*WORK TASK*
Your task is to copy the lines from the line containing "Бра Pittore 1х40W E27 белый Lightstar 811610" through the end of the listing below, both included, without any pictures.

*SOURCE DATA*

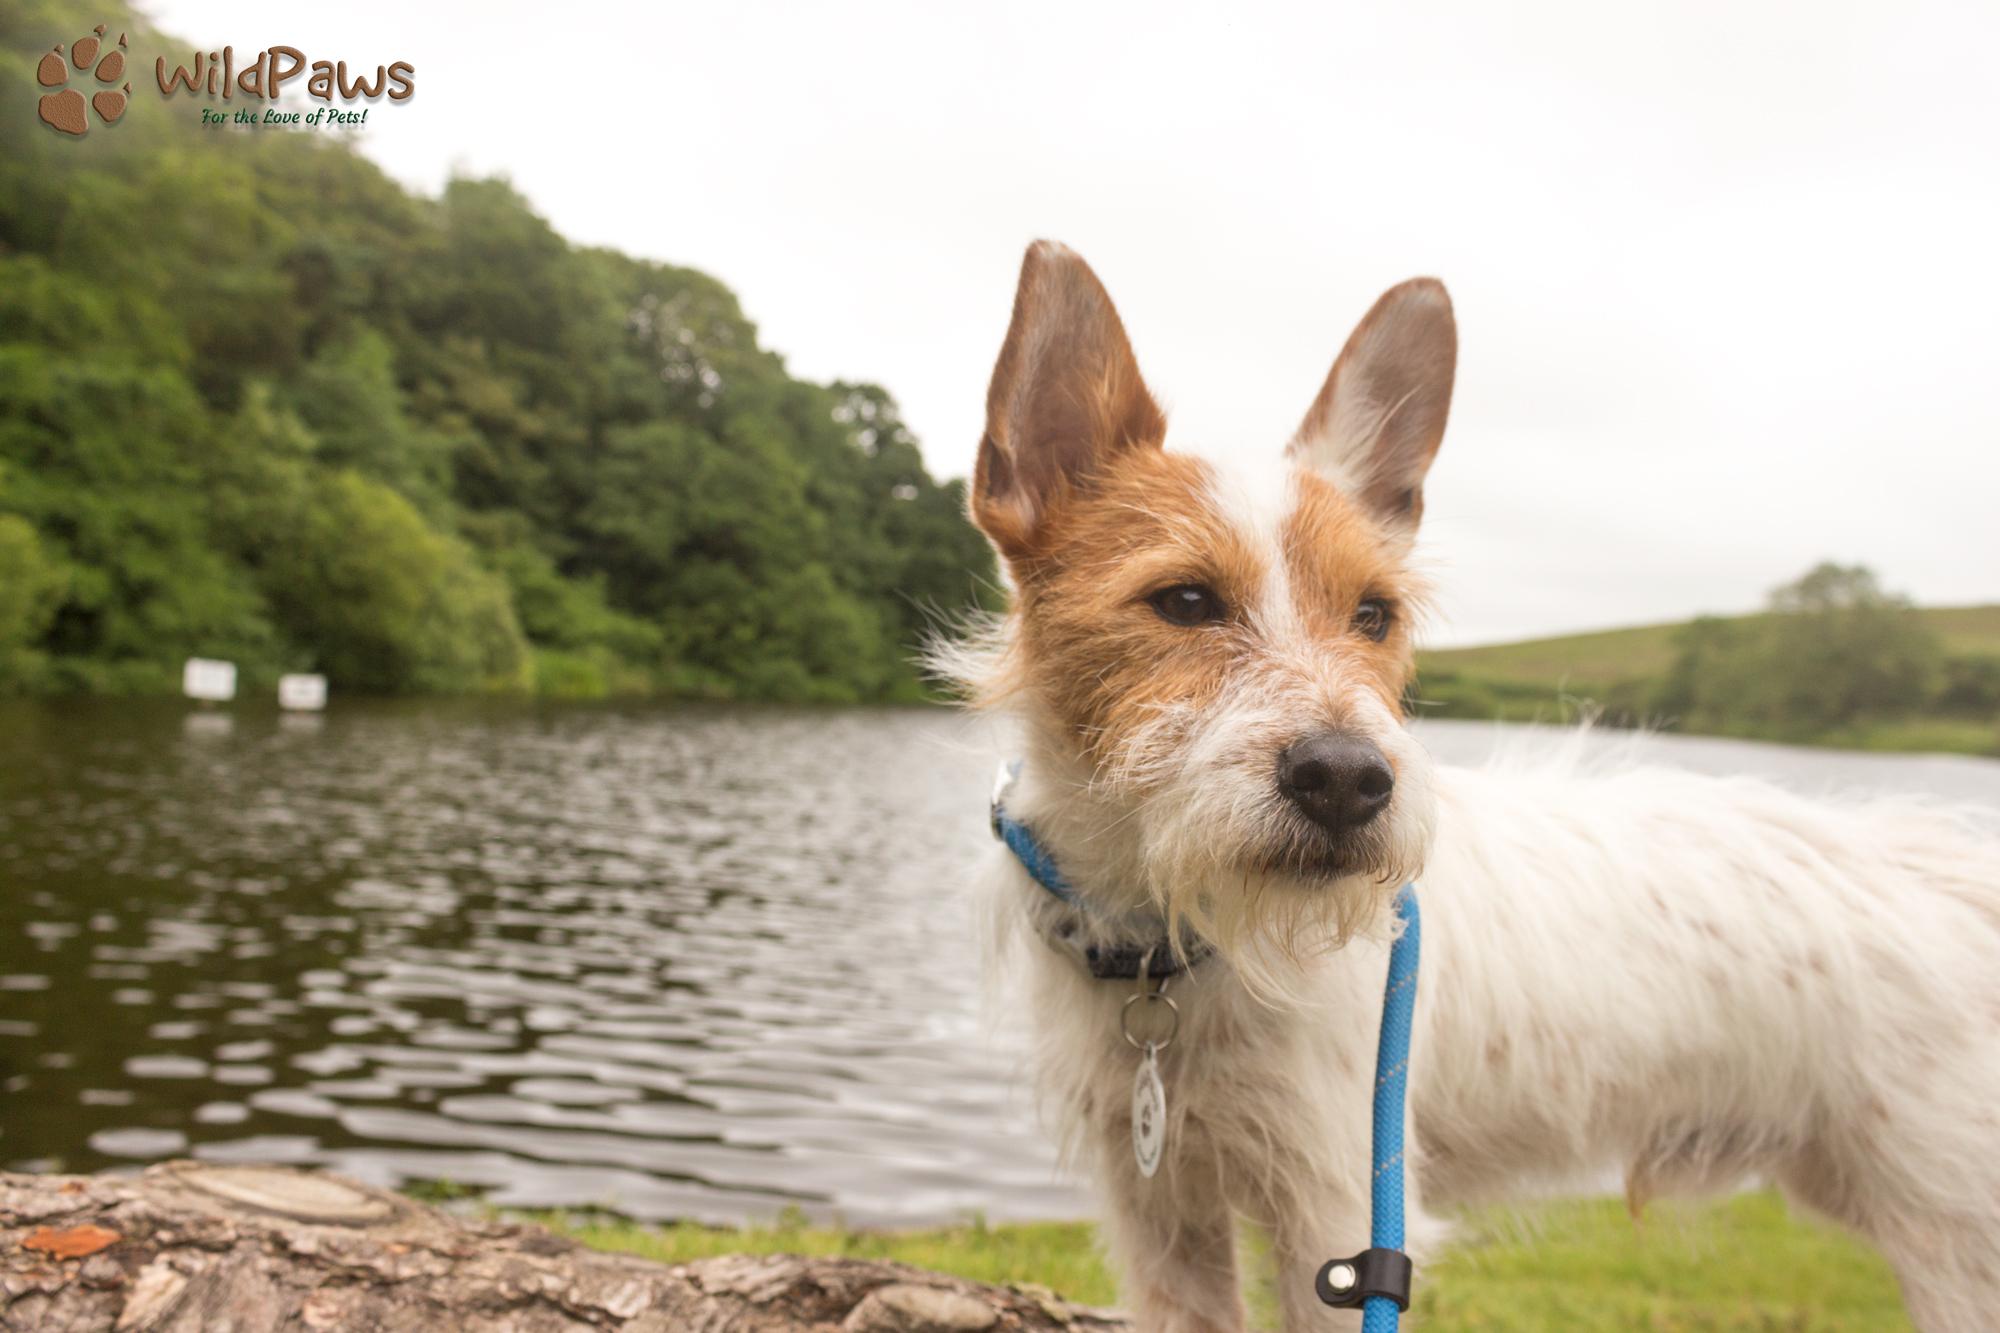 Wilbur WildPaws Online Pet Shop Ambassador at a Lake
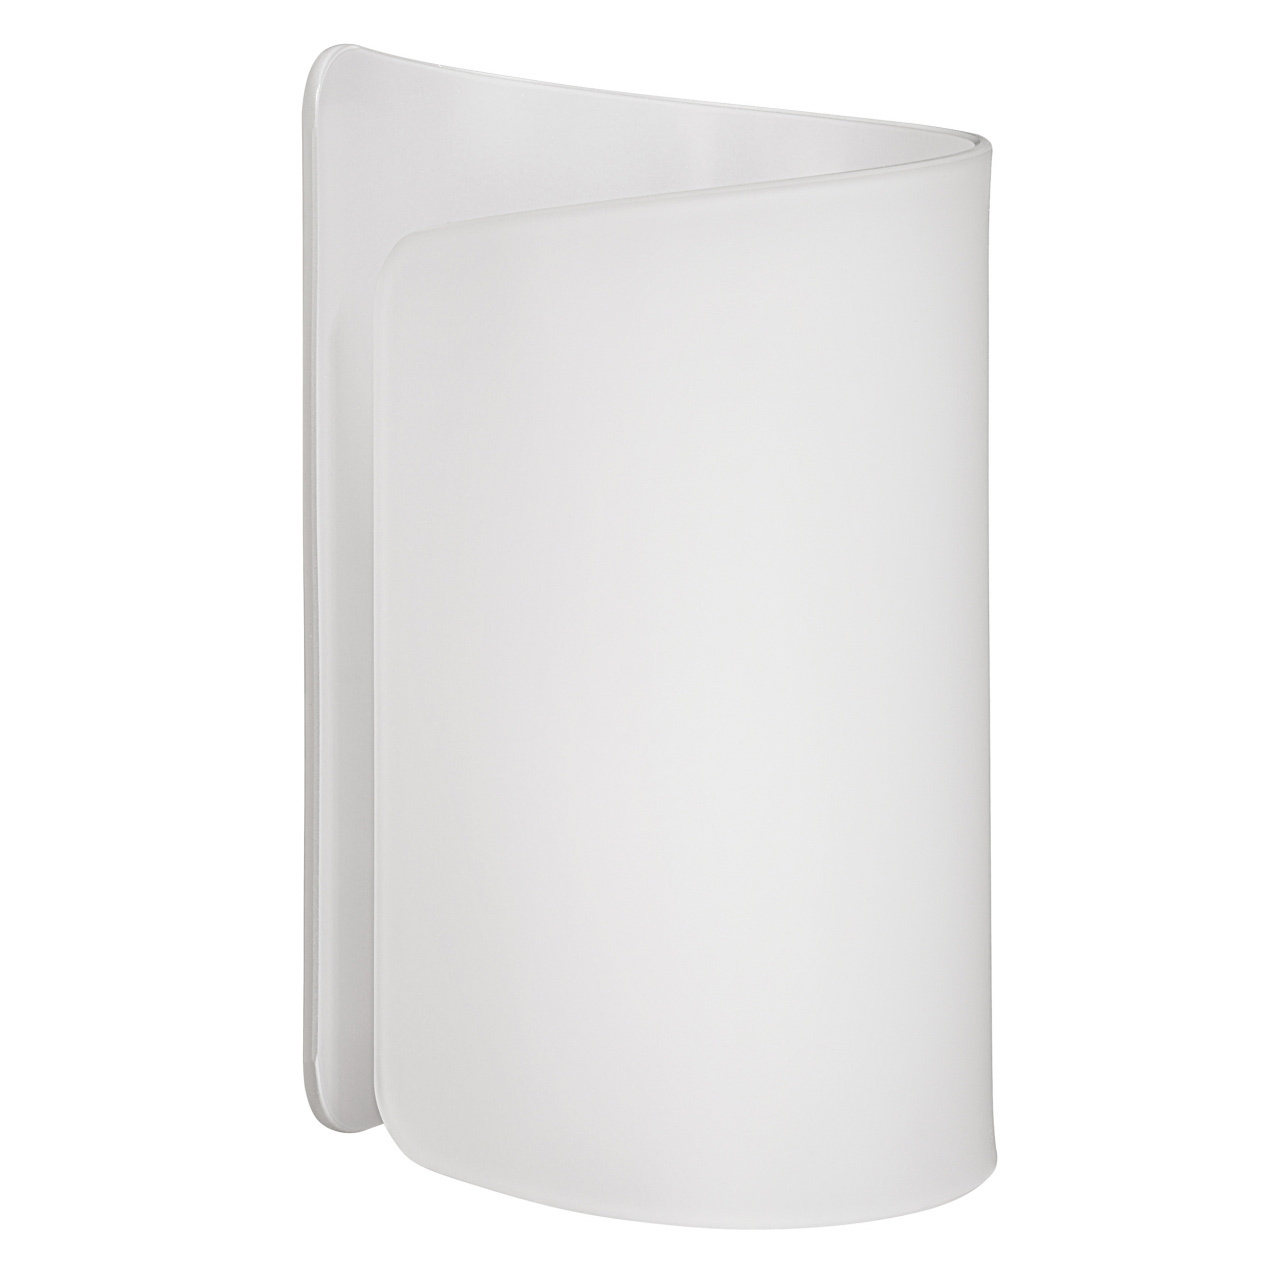 Бра Pittore 1х40W E27 белый Lightstar 811610
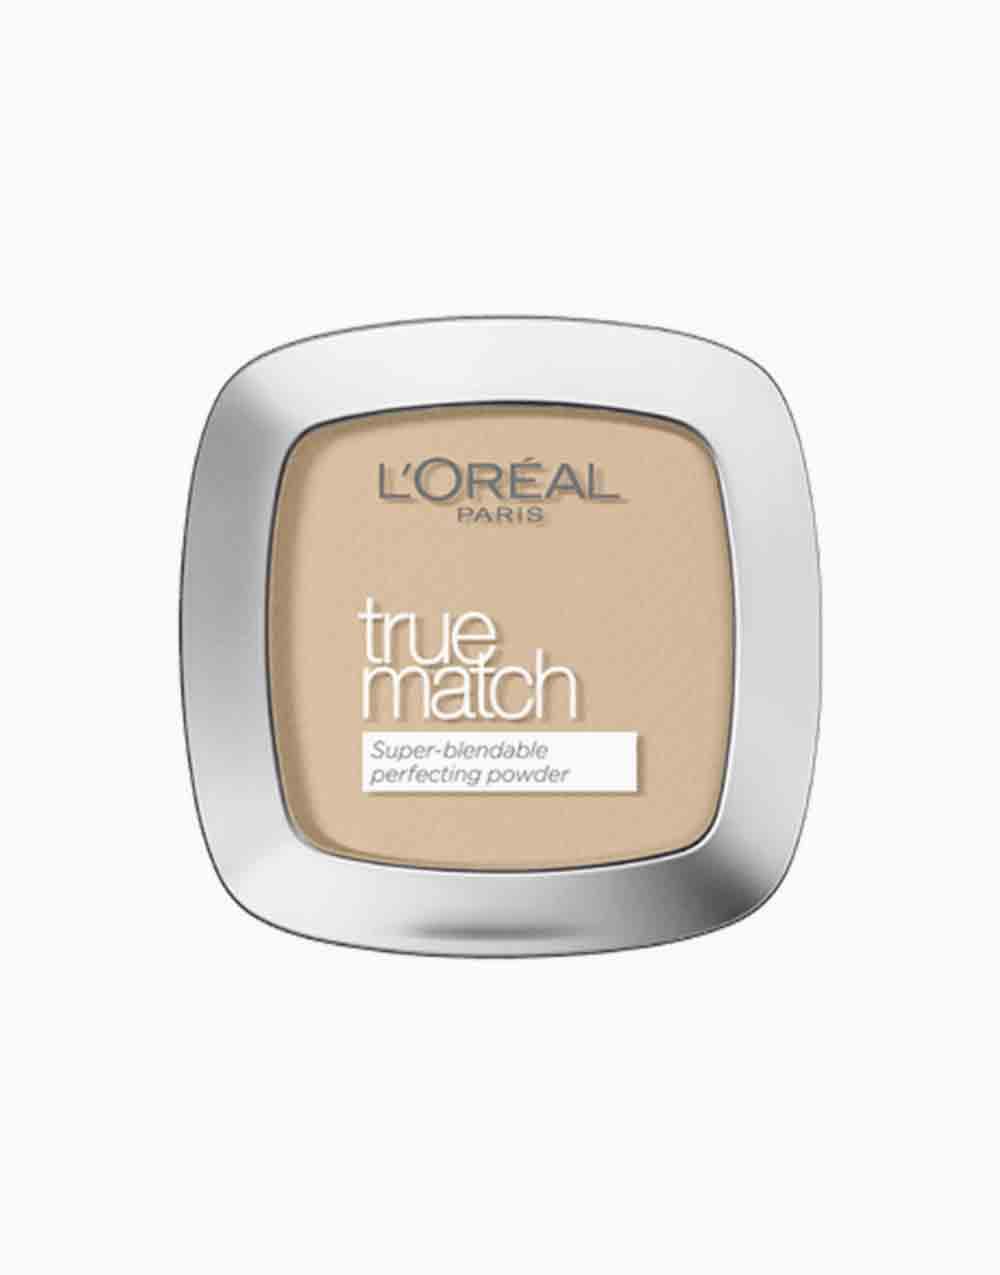 True Match Skin-Caring Skin-Matching Pressed Powder by L'Oréal Paris | 2N Vanilla

*ANSWER FOR THIS EXERCISE*
 Бра Pittore 1х40W E27 белый Lightstar 811610
 True Match Skin-Caring Skin-Matching Pressed Powder by L'Oréal Paris | 2N Vanilla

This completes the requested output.